### TASK ITEM
When you write out the listing, keep each word exactly as it stands but include none of its images.

### DATA BLOCK
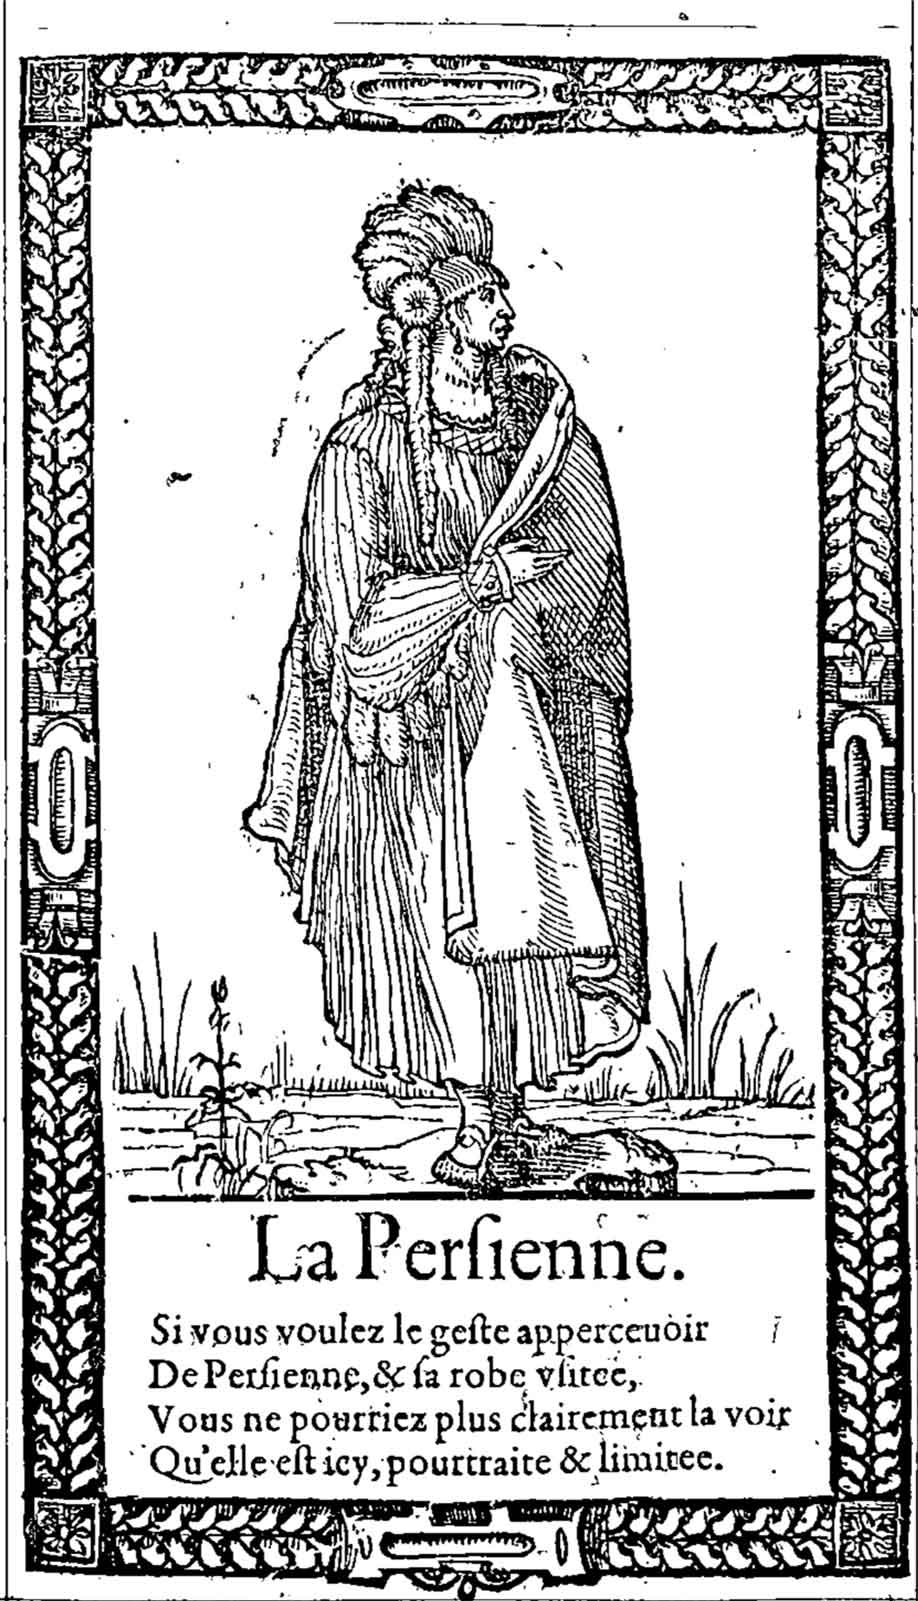 La Persienne. Desprez, Recueil de la diversité des habits (1564)
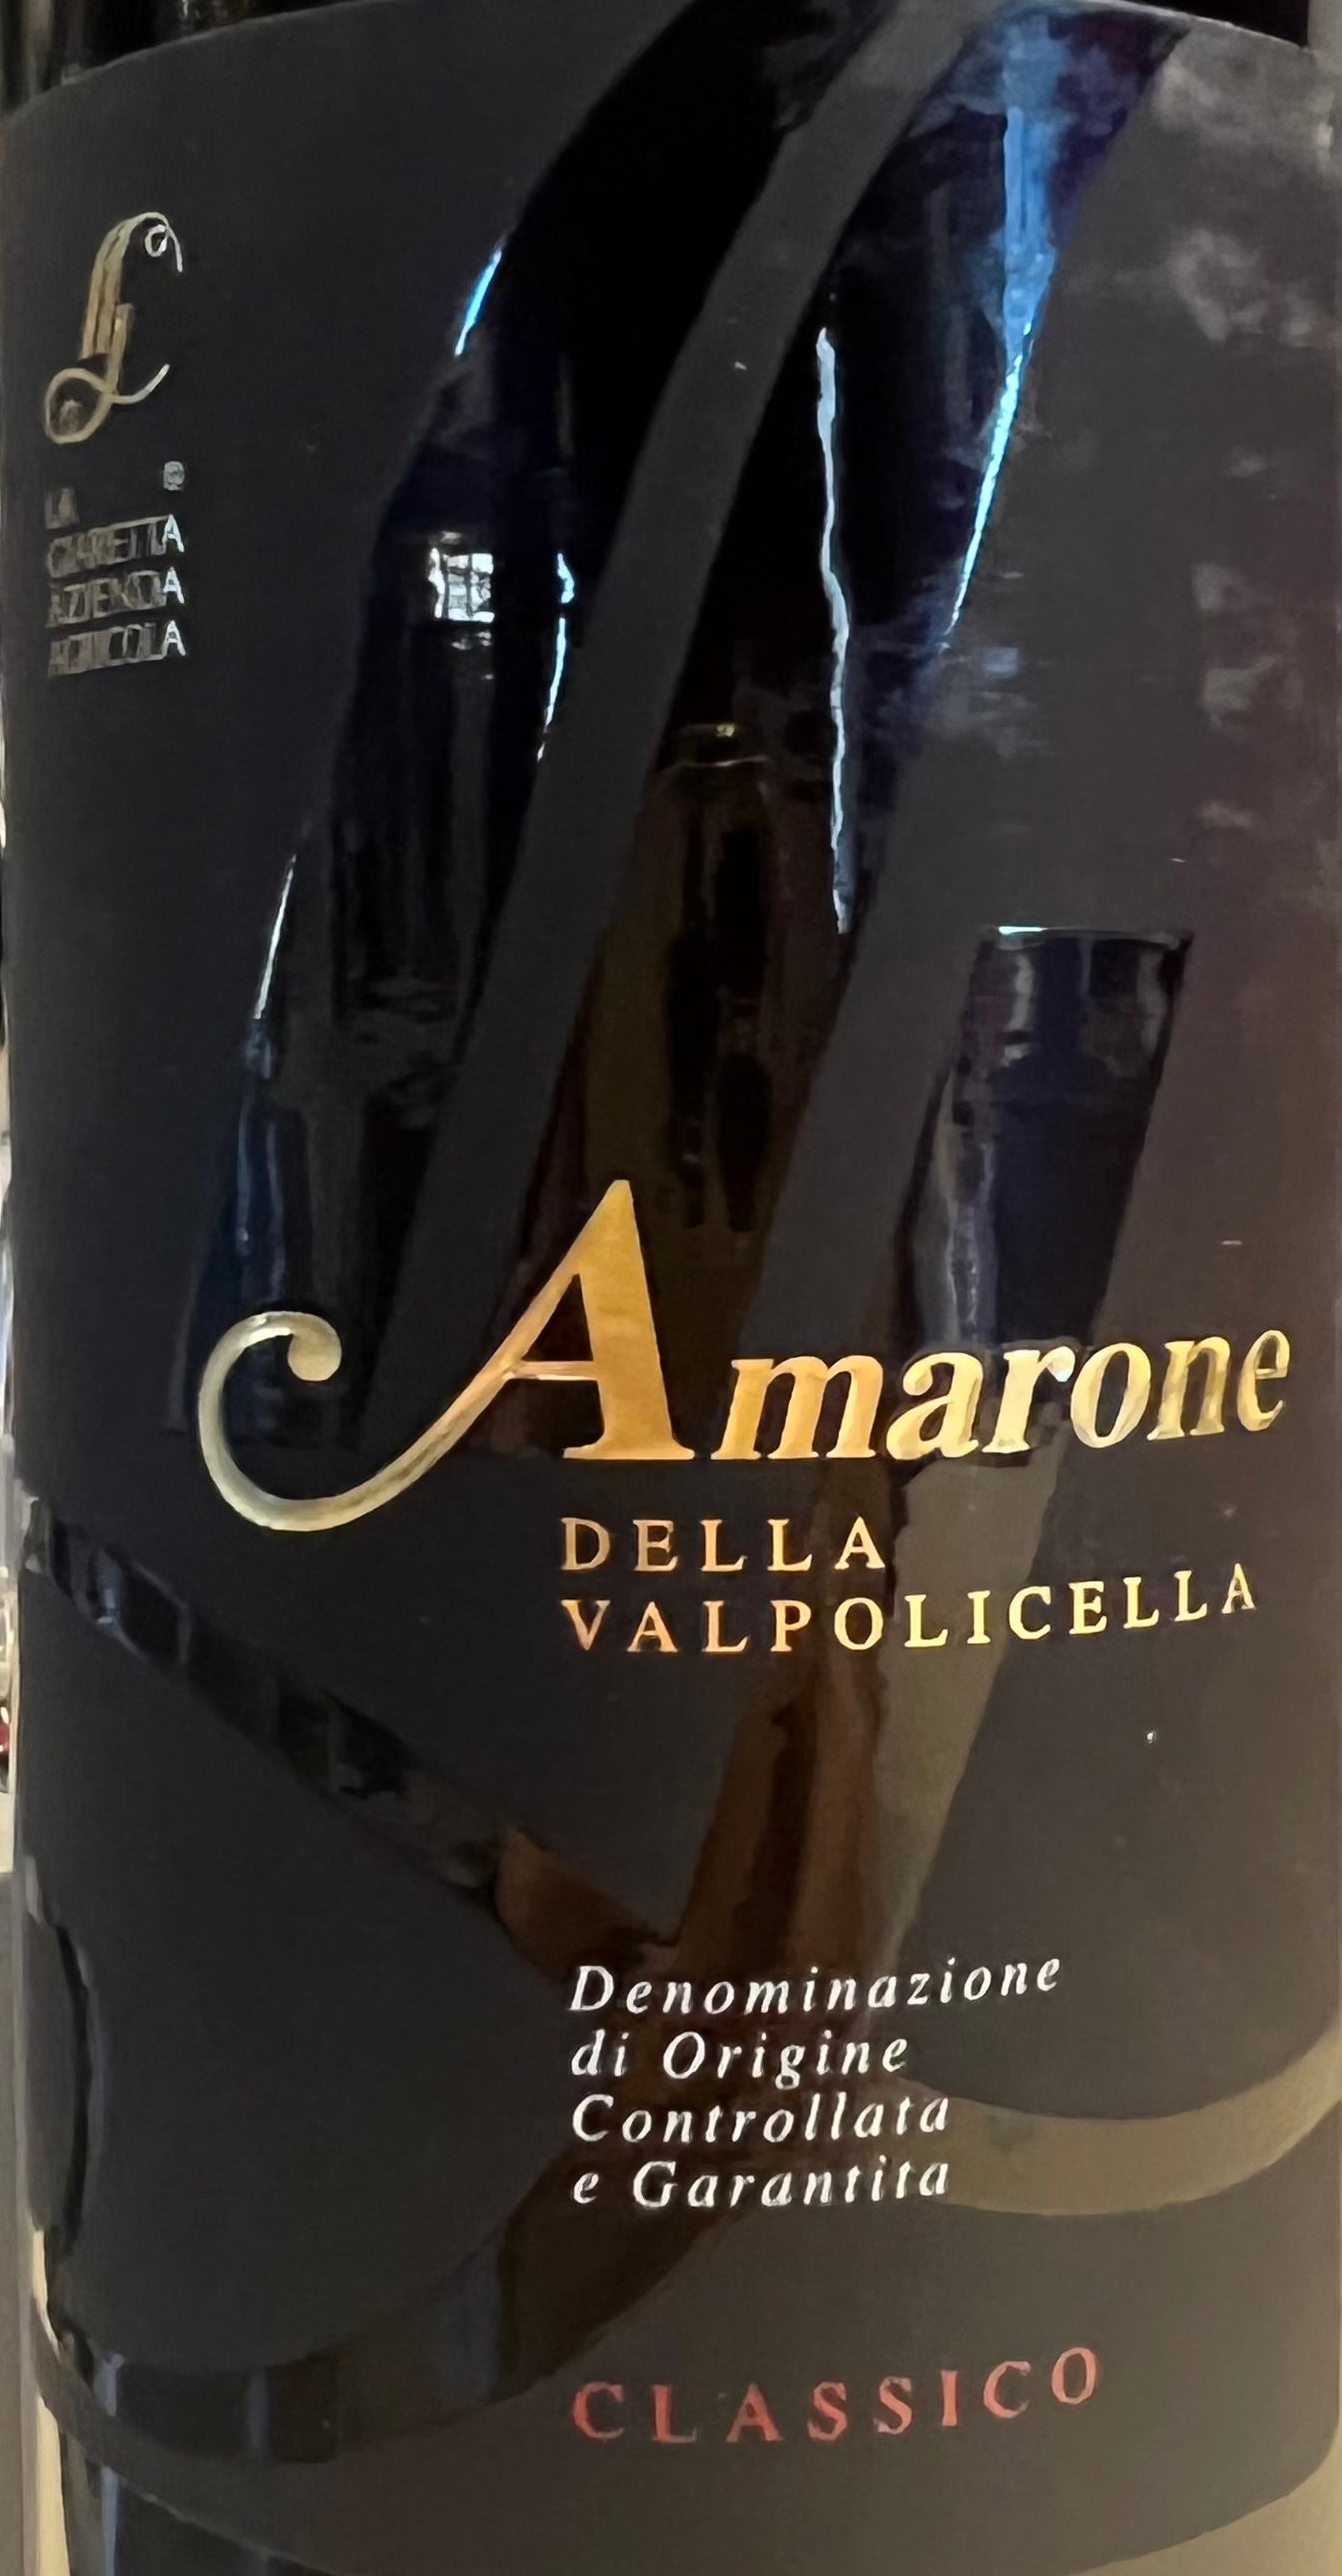 La Giaretta - Amarone della Valpolicella Classico
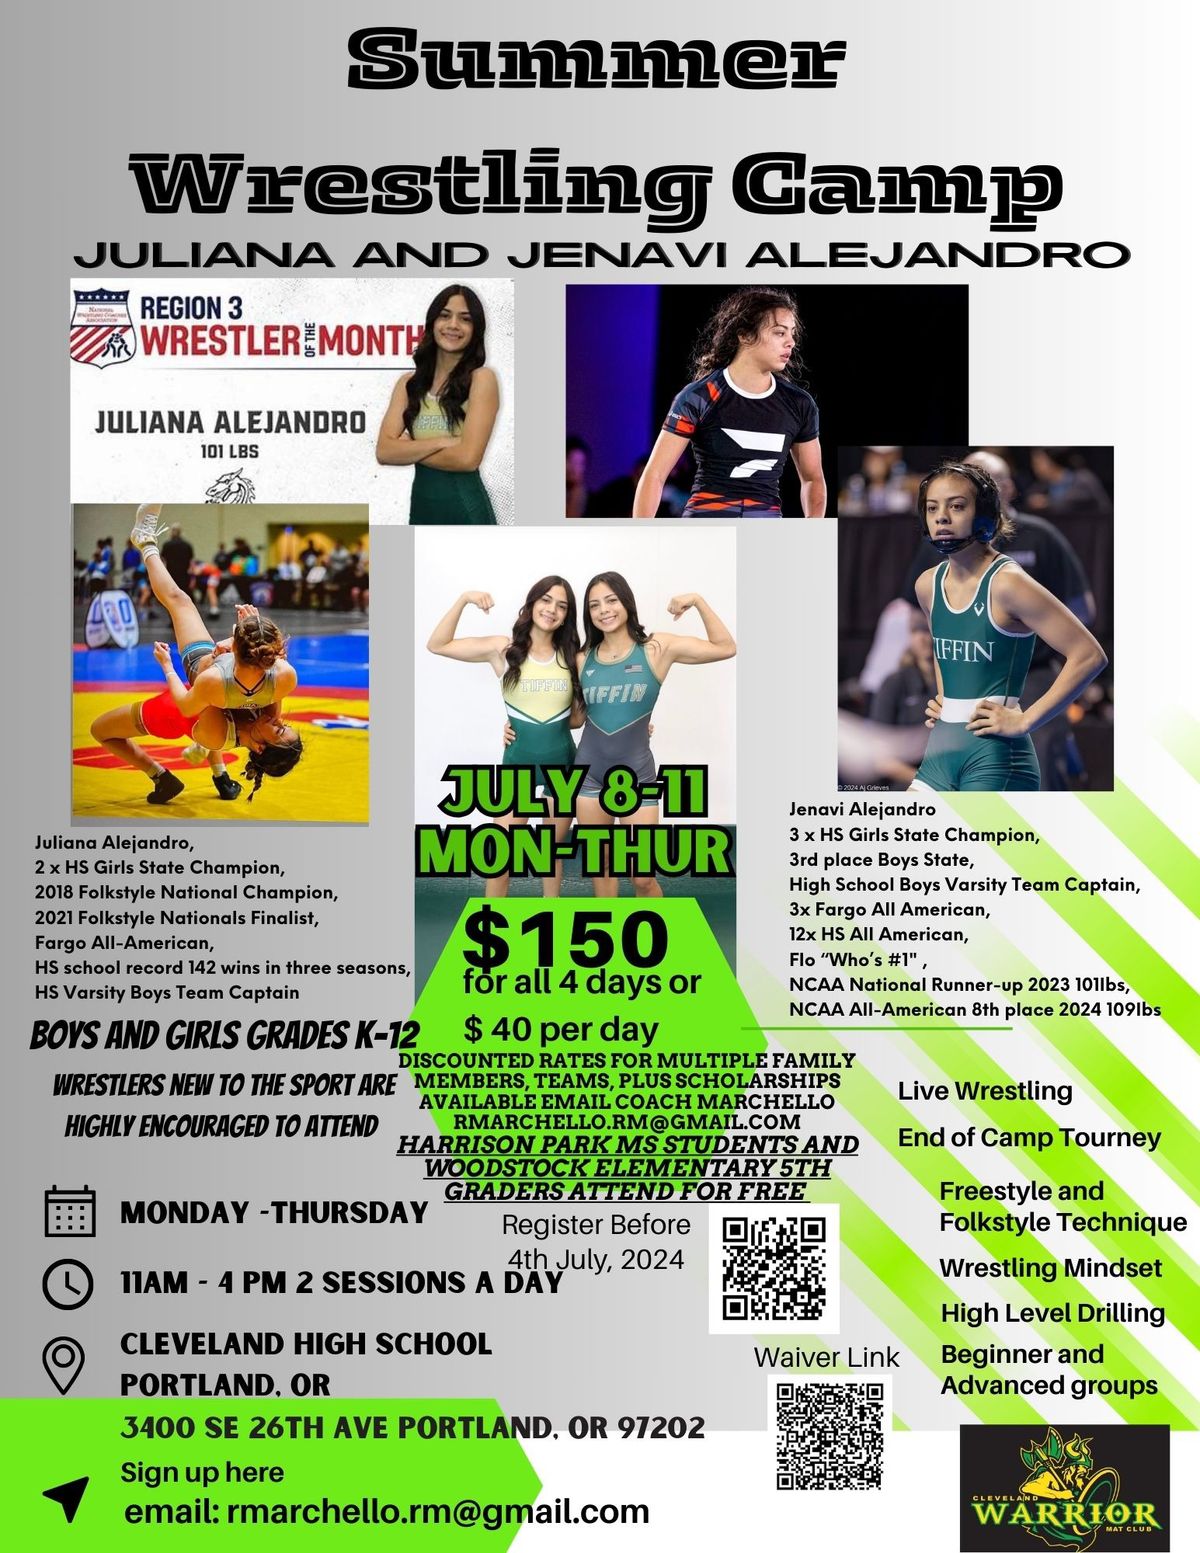 Alejandro Summer Wrestling Camp July 8-11

### WRITTEN ANSWER
 La Persienne. Desprez, Recueil de la diversité des habits (1564)
 La Giaretta - Amarone della Valpolicella Classico
 Alejandro Summer Wrestling Camp July 8-11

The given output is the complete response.